Nach zehn Märkten, in denen fonio.ai bereits aktiv ist, sollen im September physische Büros in Barcelona und Warschau folgen. Noch heuer sollen laut Keinrath London und München dazukommen, abhängig von der Entwicklung des US-Geschäfts womöglich auch ein Standort an der US-Ostküste, etwa in New York.

„Irgendwann wird es uns fett auf die Schnauze hauen“

Auf die Frage, ob das Wachstum so weitergehen könne, entgegnet Keinrath, man hätte die Risiken auf alle Fälle am Schirm. Intern rät Keinrath zu Vorsicht: „Irgendwann wird es uns fett auf die Schnauze hauen“, sagt er lachend. Man wolle daher innerhalb des Wachstums Risiken minimieren und keine Firma mit unkontrolliertem Kund:innen-Verlust aufbauen. Langfristig rechnet Keinrath mit einer Marktkonsolidierung, vergleichbar mit der Entwicklung im Telekommarkt Anfang der 2000er-Jahre.
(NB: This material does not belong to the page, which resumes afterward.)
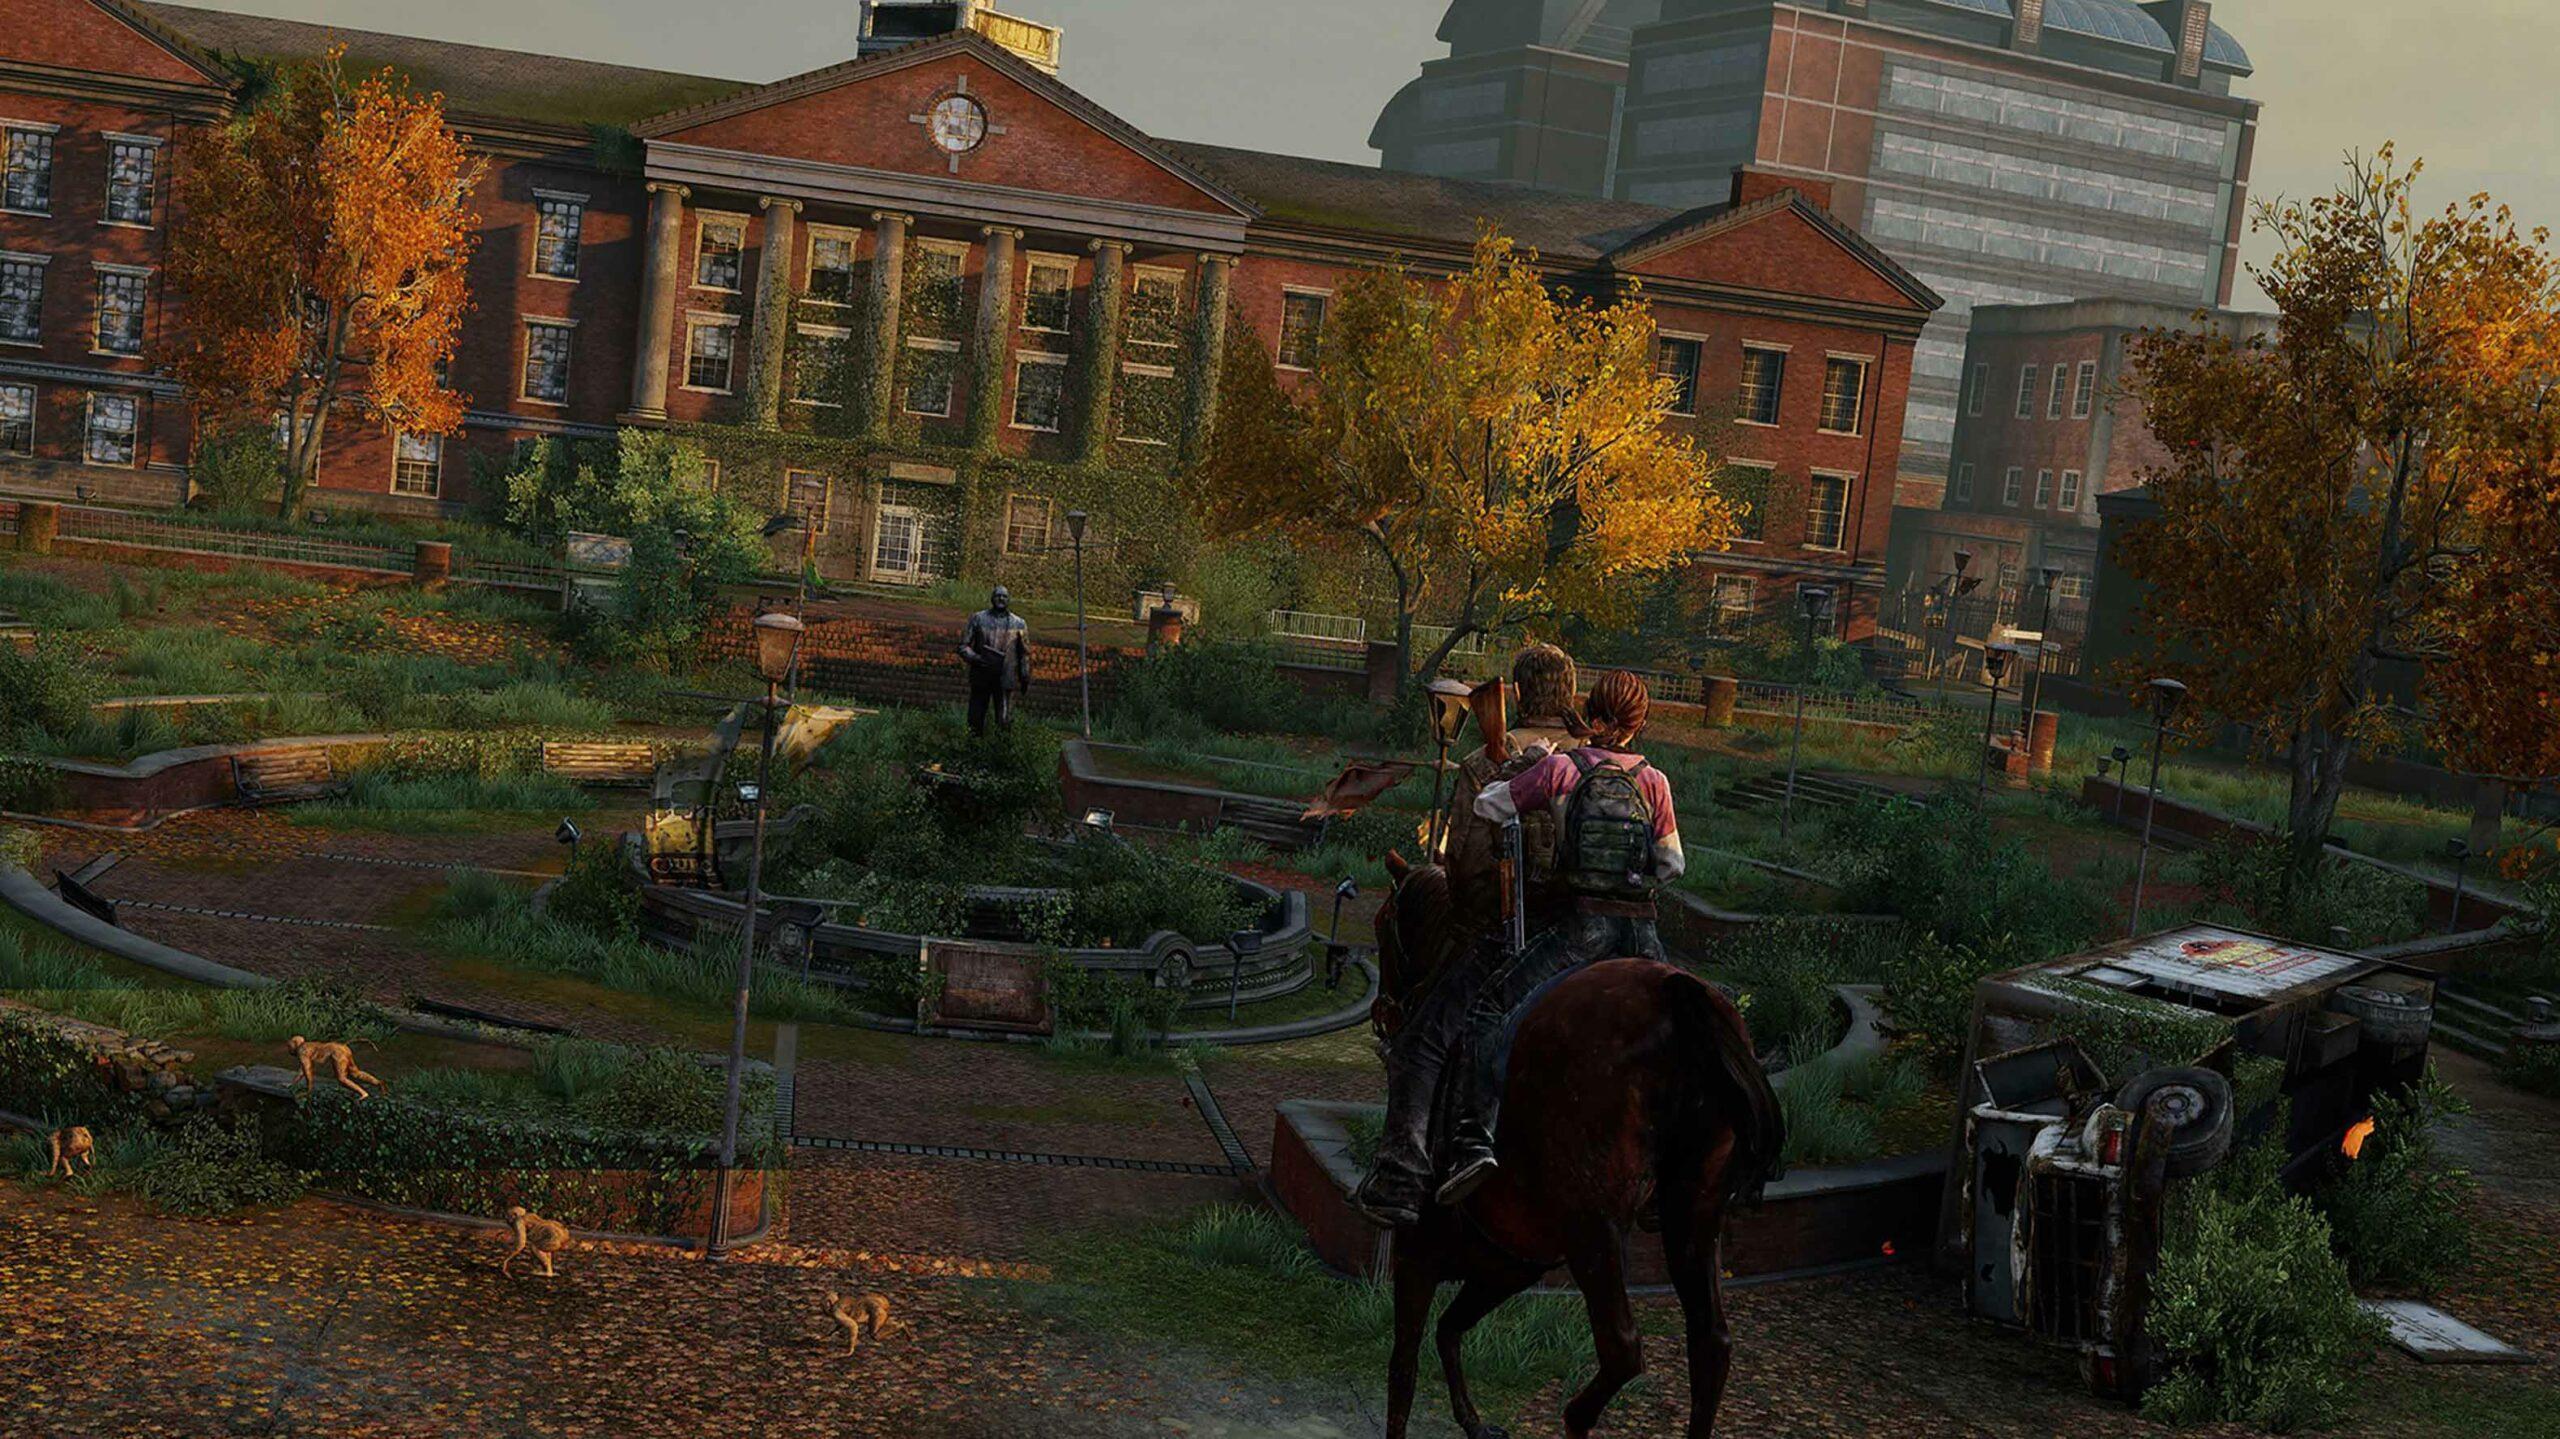 The Last of Us Joel and Ellie horseback
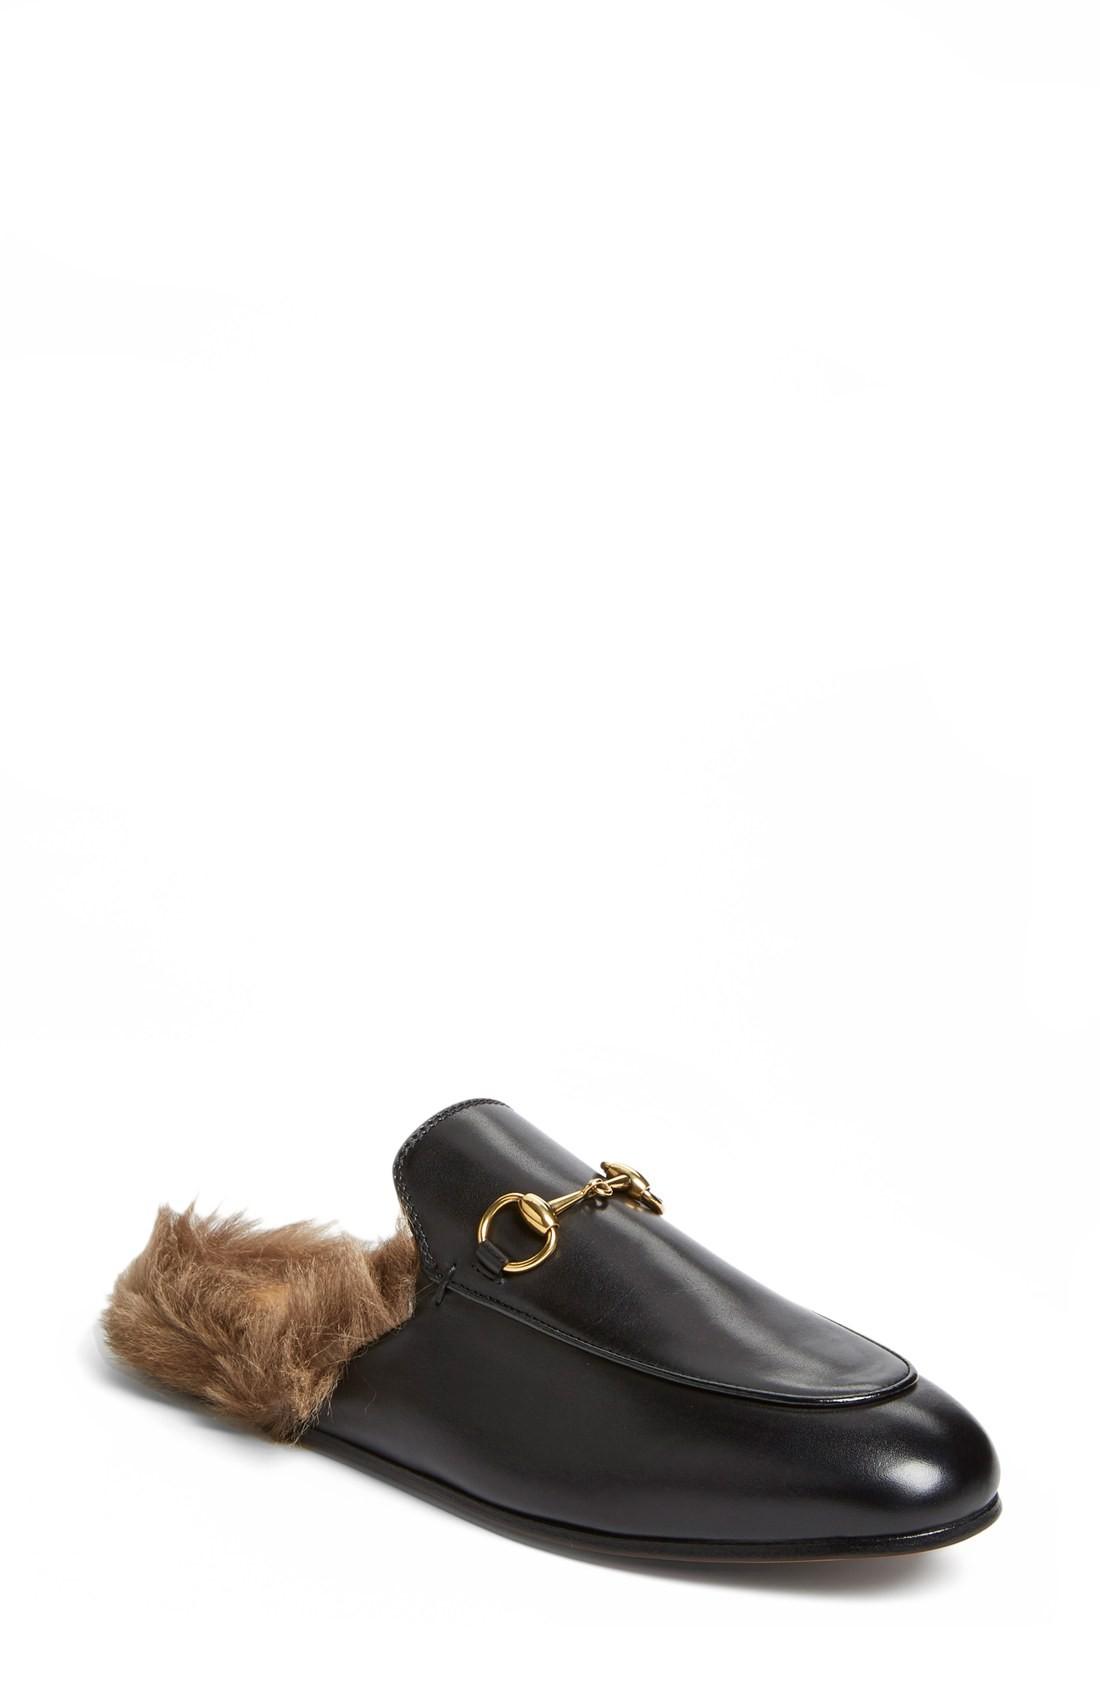 womens loafers gucci princetown genuine shearling loafer mule (women) lrmjcmp

Man müsse schnell genug wachsen, um kleinere Konkurrenten zu übernehmen, bevor man am Ende womöglich selbst zum Übernahmeziel werde, meint er.

Kein Kompromiss beim Hiring

fonio.ai wuchs von der ersten Einstellung im Juni 2025 auf mittlerweile 81 Mitarbeiter:innen, aktuell sind laut Unternehmen 52 weitere Positionen offen. Bei knapp 10.000 Bewerbungen pro Monat liege die Annahmequote bei etwa 0,2 Prozent, so Keinrath: „Es tut so weh innerlich“, trotzdem Absagen zu erteilen, die Unternehmenskultur habe aber Priorität.

Zusätzlich sucht fonio.ai laut Keinrath aktuell intensiv nach einer Head of Growth-Person mit entsprechender Skalierungserfahrung, dotiert mit bis zu 250.000 Jahresgehalt plus „Significant Equity“, betont Keinrath. Man nehme hier viel Geld in die Hand, weil es sich um ein sehr spezielles Profil handle, nach dem man suche. „Dafür kommen nur eine Handvoll Personen in Europa in Frage“, meint der Gründer. Das nächste Ziel sei ein ARR von 100 Millionen Dollar innerhalb von 18 bis 24 Monaten.